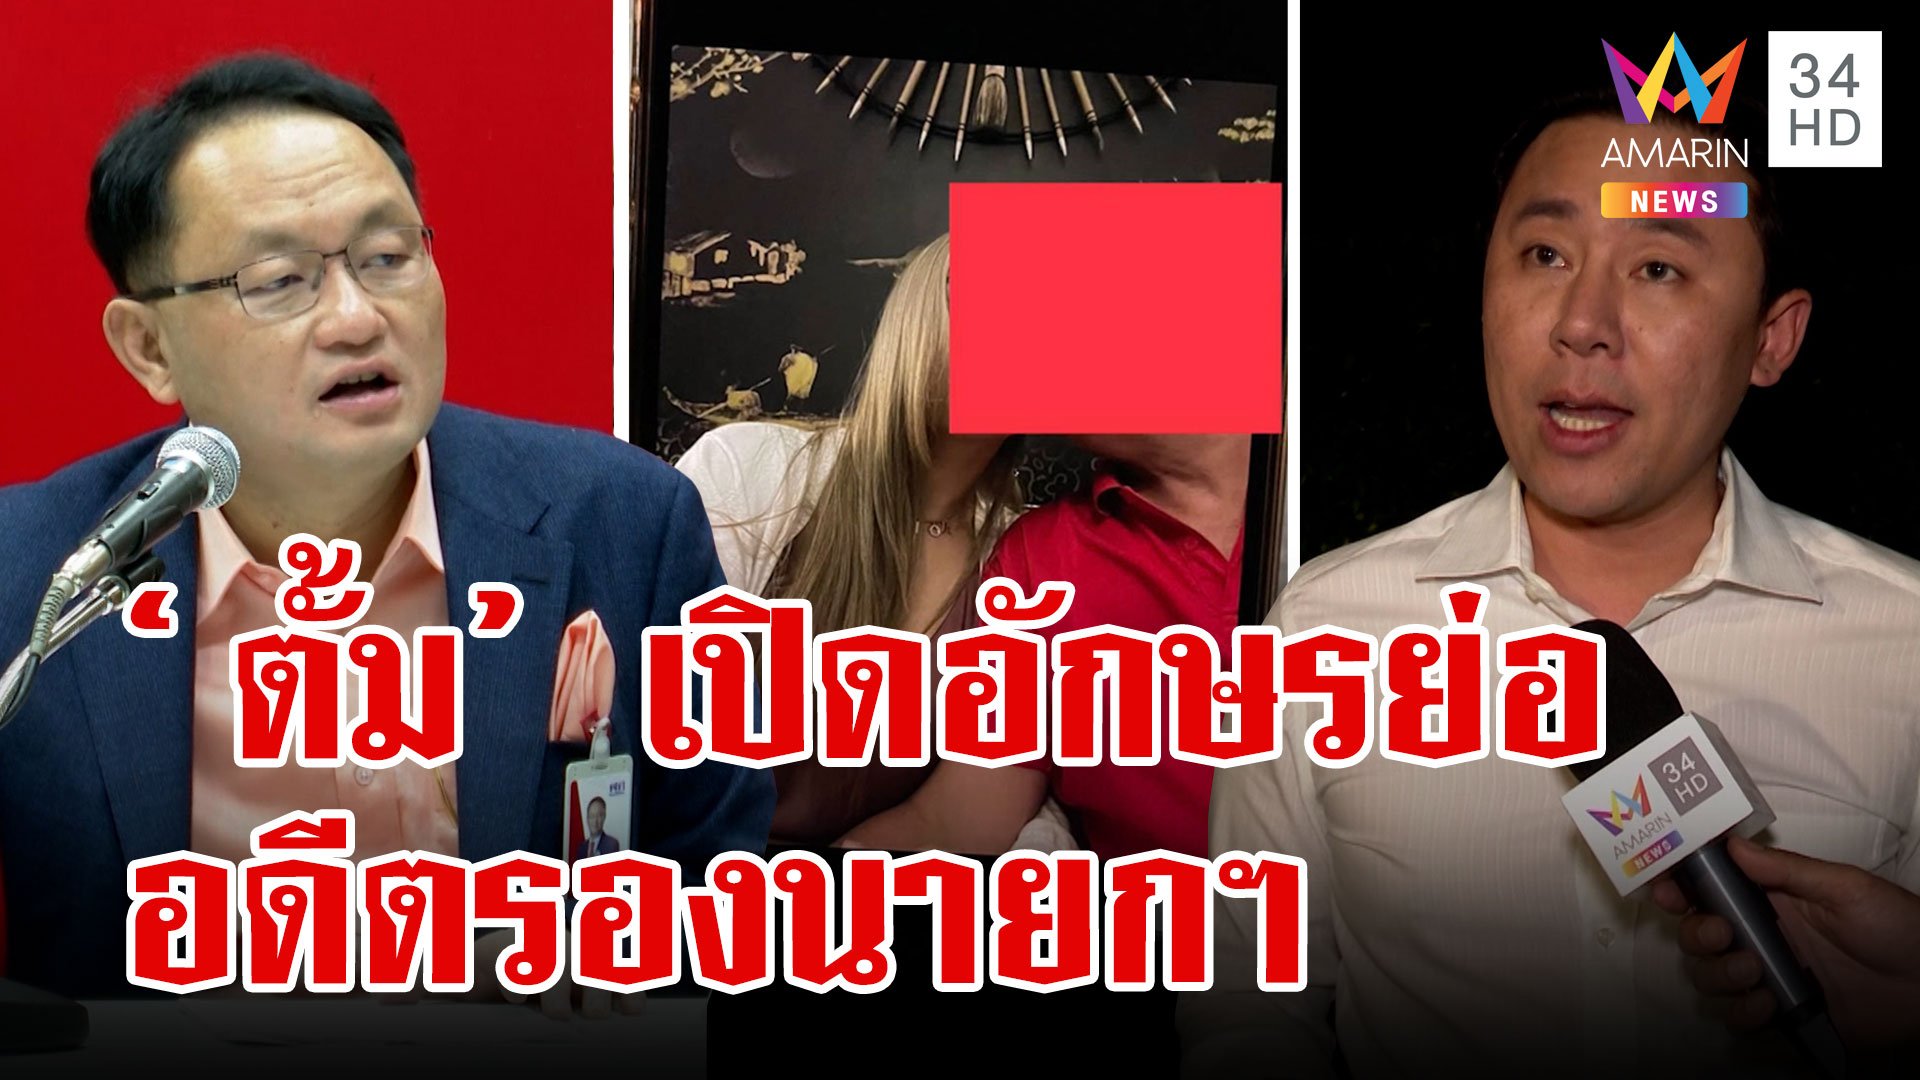 "ทนายตั้ม" เปิดอักษรย่อ อดีตรองนายกฯ แอบแซ่บเมียชาวบ้าน เพื่อไทยโร่แจง | ทุบโต๊ะข่าว | 8 ม.ค. 66 | AMARIN TVHD34
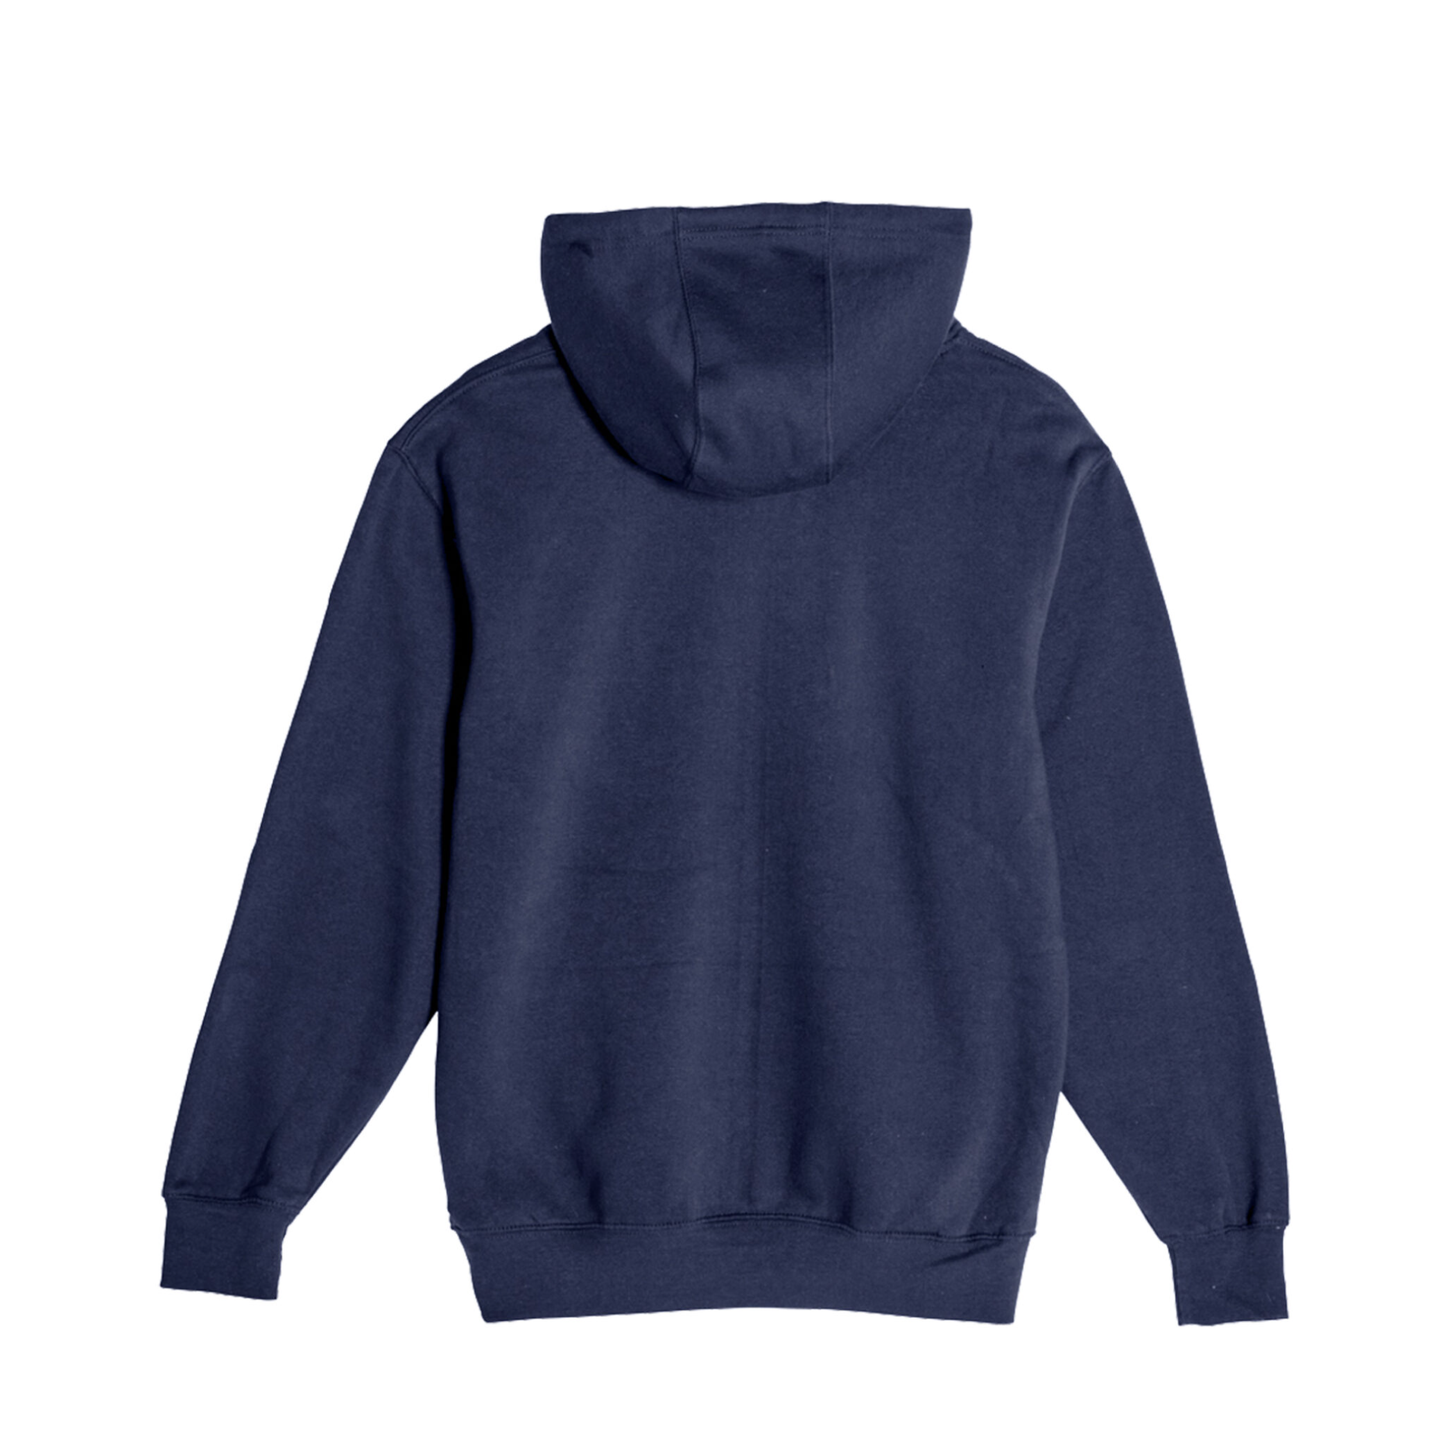 Oswego Lax - Unisex Hooded Pocket Sweatshirt Navy
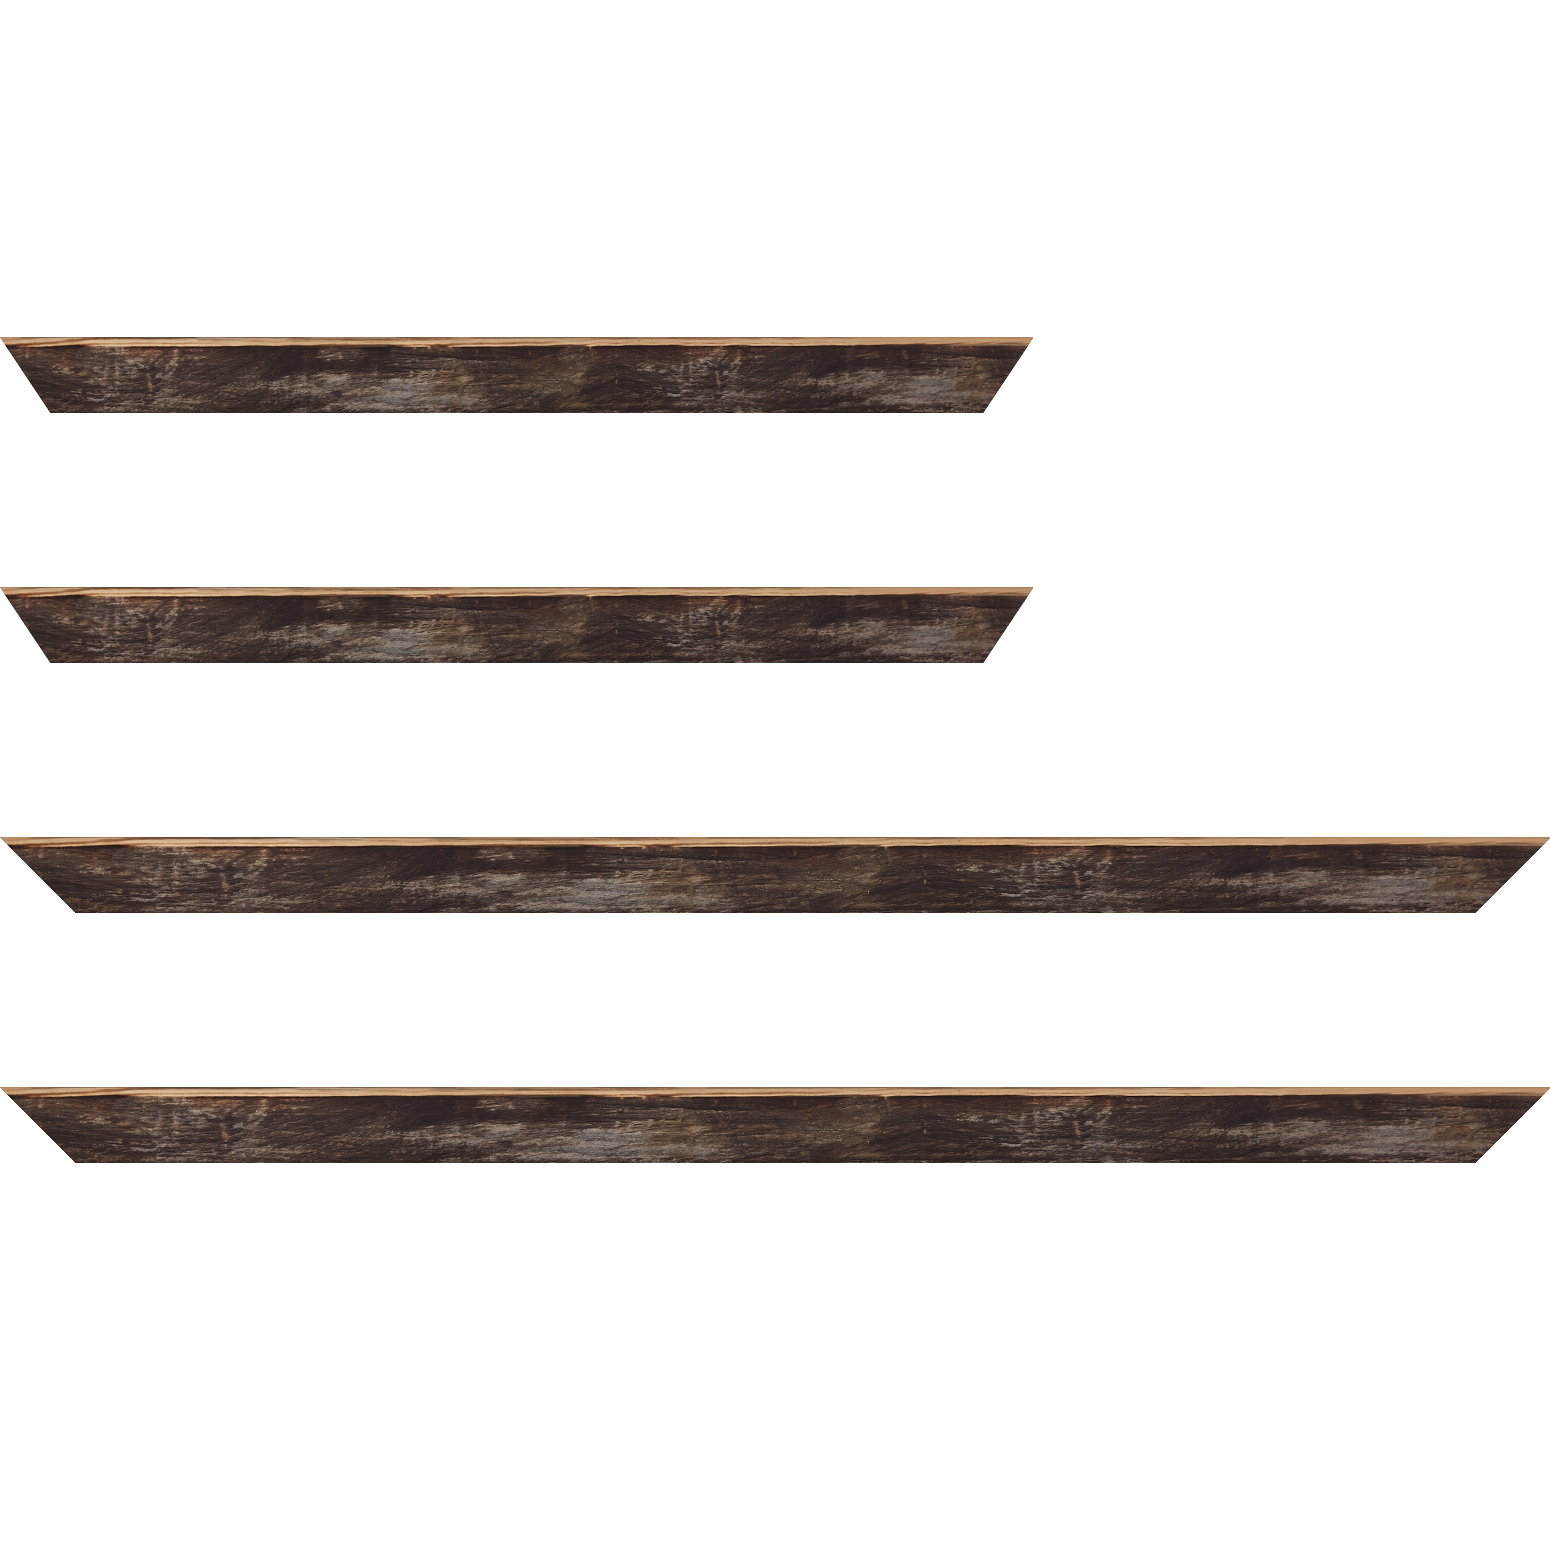 Baguette bois profil arrondi en pente plongeant largeur 2.4cm couleur noir ébène effet ressuyé, angle du cadre extérieur filet naturel - 40x60
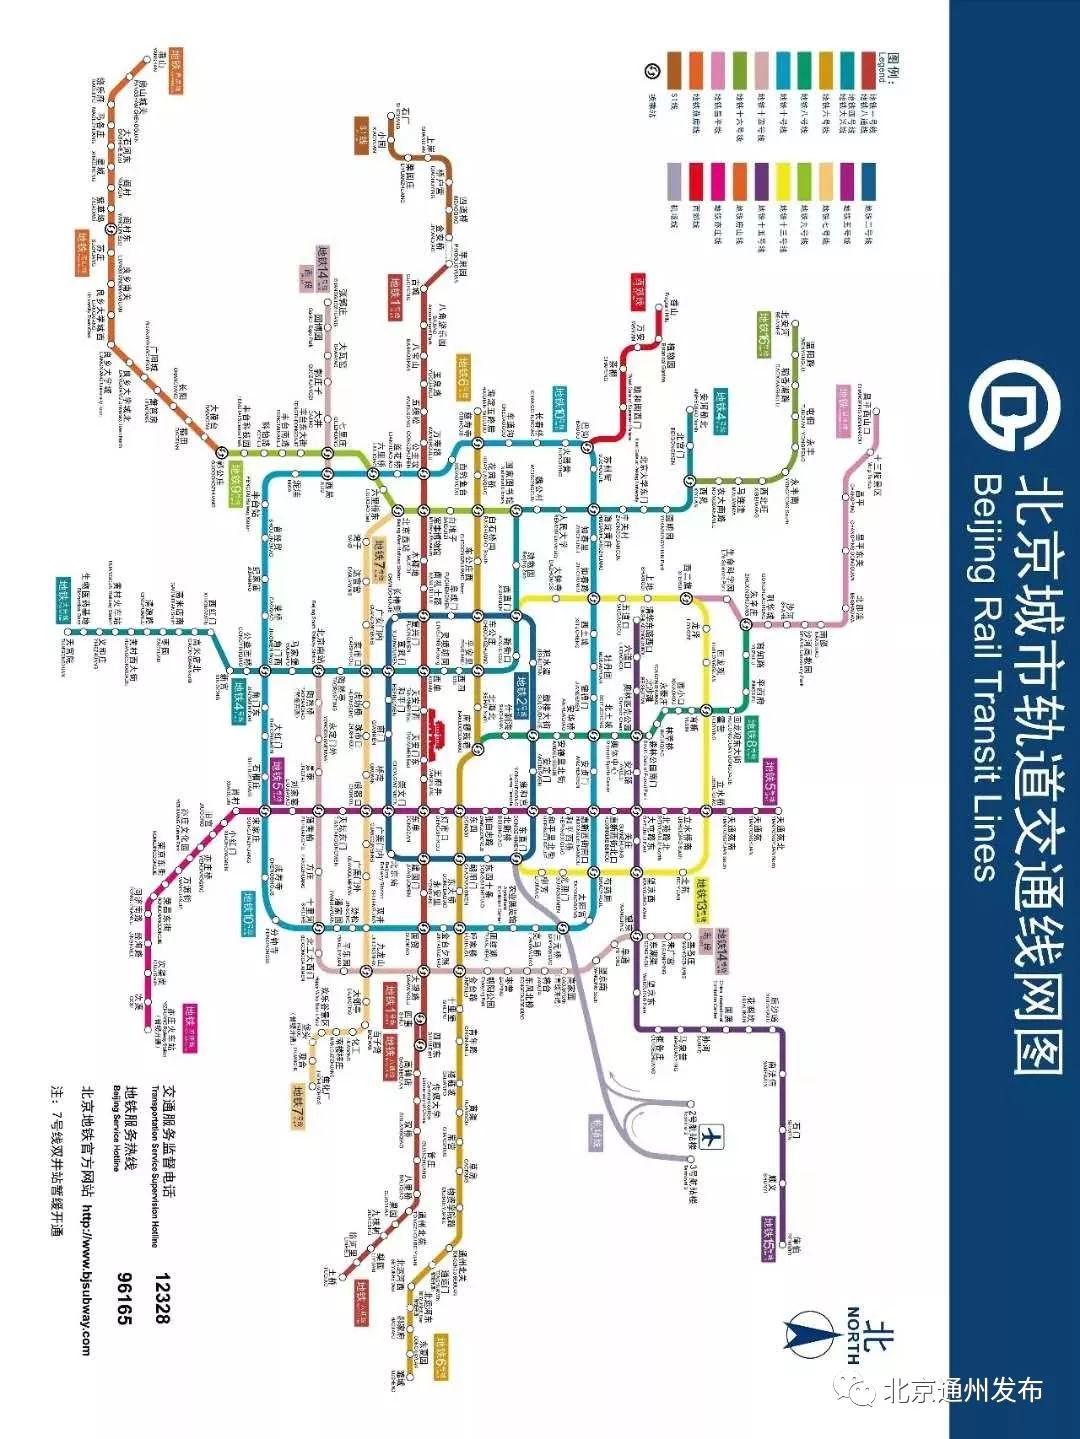 北京地铁公司所辖 1号线,2号线,八通线,昌平线,亦庄线,房山线 6条线路

# About this task
All lines from the line with "Oswego Lax - Unisex" through the final line of the data, both included, are to be repeated exactly; no other lines and no pictures.

# The answer
 Oswego Lax - Unisex Hooded Pocket Sweatshirt Navy
 Baguette bois profil arrondi en pente plongeant largeur 2.4cm couleur noir ébène effet ressuyé, angle du cadre extérieur filet naturel - 40x60
 北京地铁公司所辖 1号线,2号线,八通线,昌平线,亦庄线,房山线 6条线路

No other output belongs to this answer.